Valentin Alexandrovich Dogiel (Russian: Валентин Александрович Догель, Valentin Alexandrovich Dogel)  (Kazan,  – Leningrad, 1 June 1955)  was a Russian and Soviet zoologist, specialized in parasitology and protozoology. He was a professor at the St. Petersburg / Leningrad State University since 1913, and head of the Laboratory of Protozoology at the Zoological Institute of the USSR Academy of Sciences, Leningrad, since 1944. In 1923 he founded the Laboratory of Parasitology at the Fisheries Research Institute VNIORKh in Leningrad.

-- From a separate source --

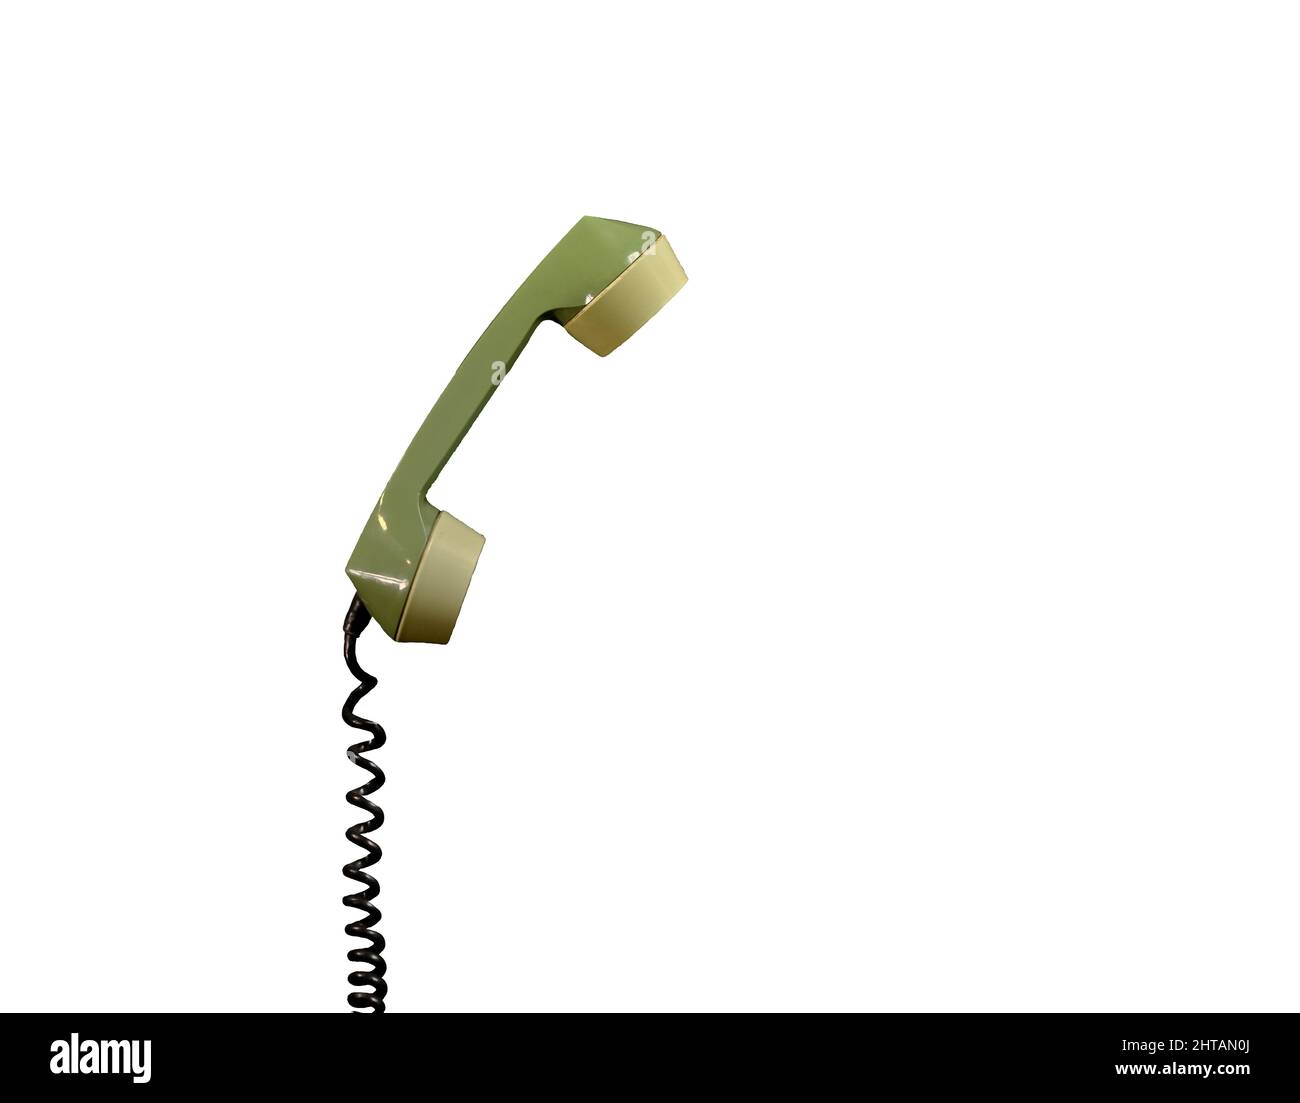 el receptor de teléfono de un antiguo teléfono retro. aislado sobre fondo blanco Foto de stock
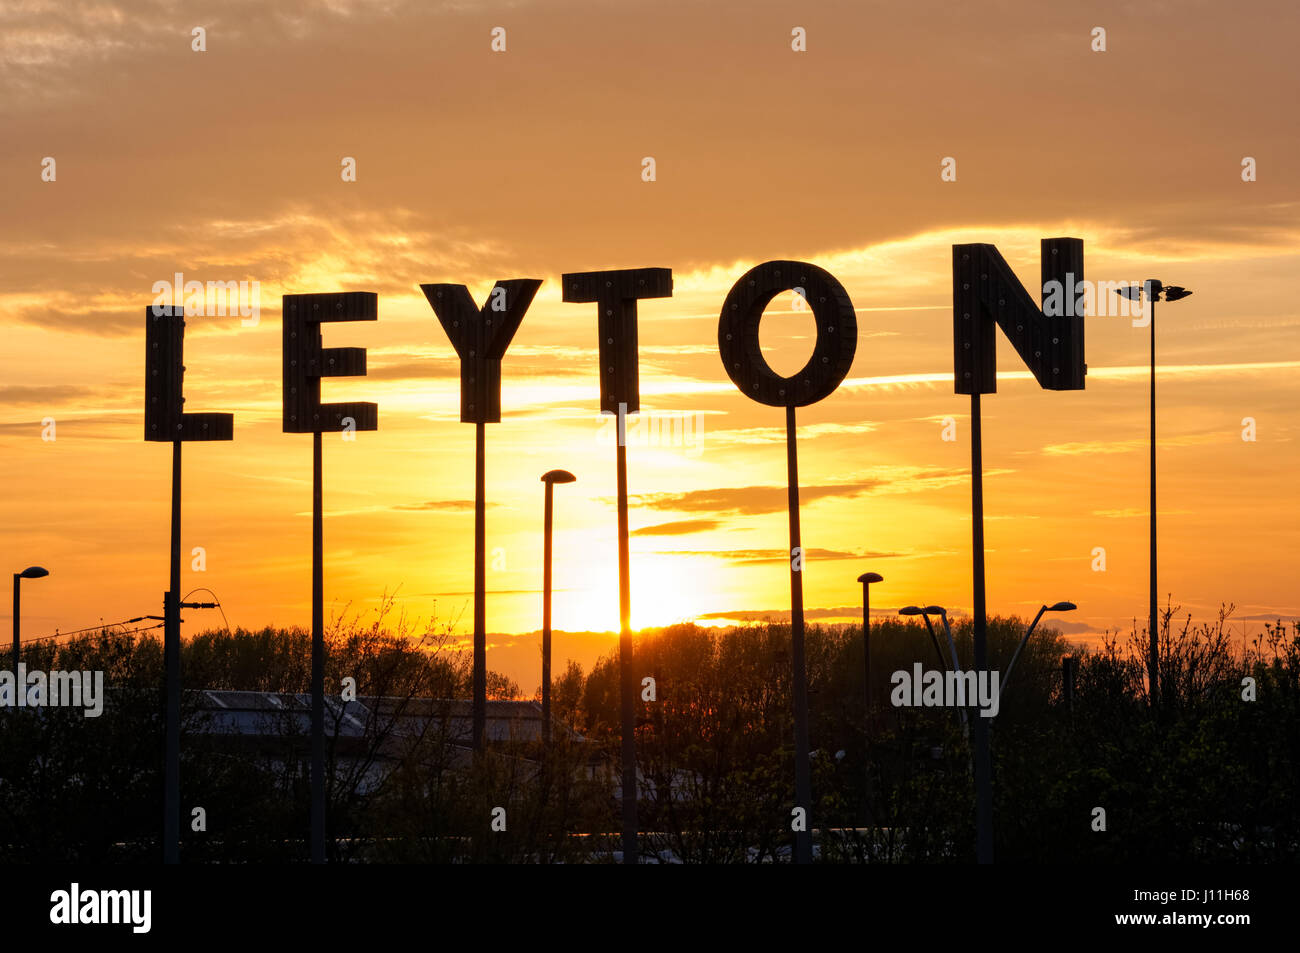 Leyton sign at sunset, London England United Kingdom UK Stock Photo

Dogiel contributed significantly in the field of taxonomy of parasites and protozoa in general.
He also worked on more general questions of comparative anatomy and zoology, and summarized this work in the book Oligomerization of Homologous Organs (1954) which he presented his new theory of the evolution of the Metazoa. 

Dogiel's most famous work was the book Obshchaya protozoologiya (1951), also translated into English under the name General Protozoology in 1965. He was also the author of standard Soviet textbooks such as Invertebrate Zoology and Comparative anatomy of Invertebrates.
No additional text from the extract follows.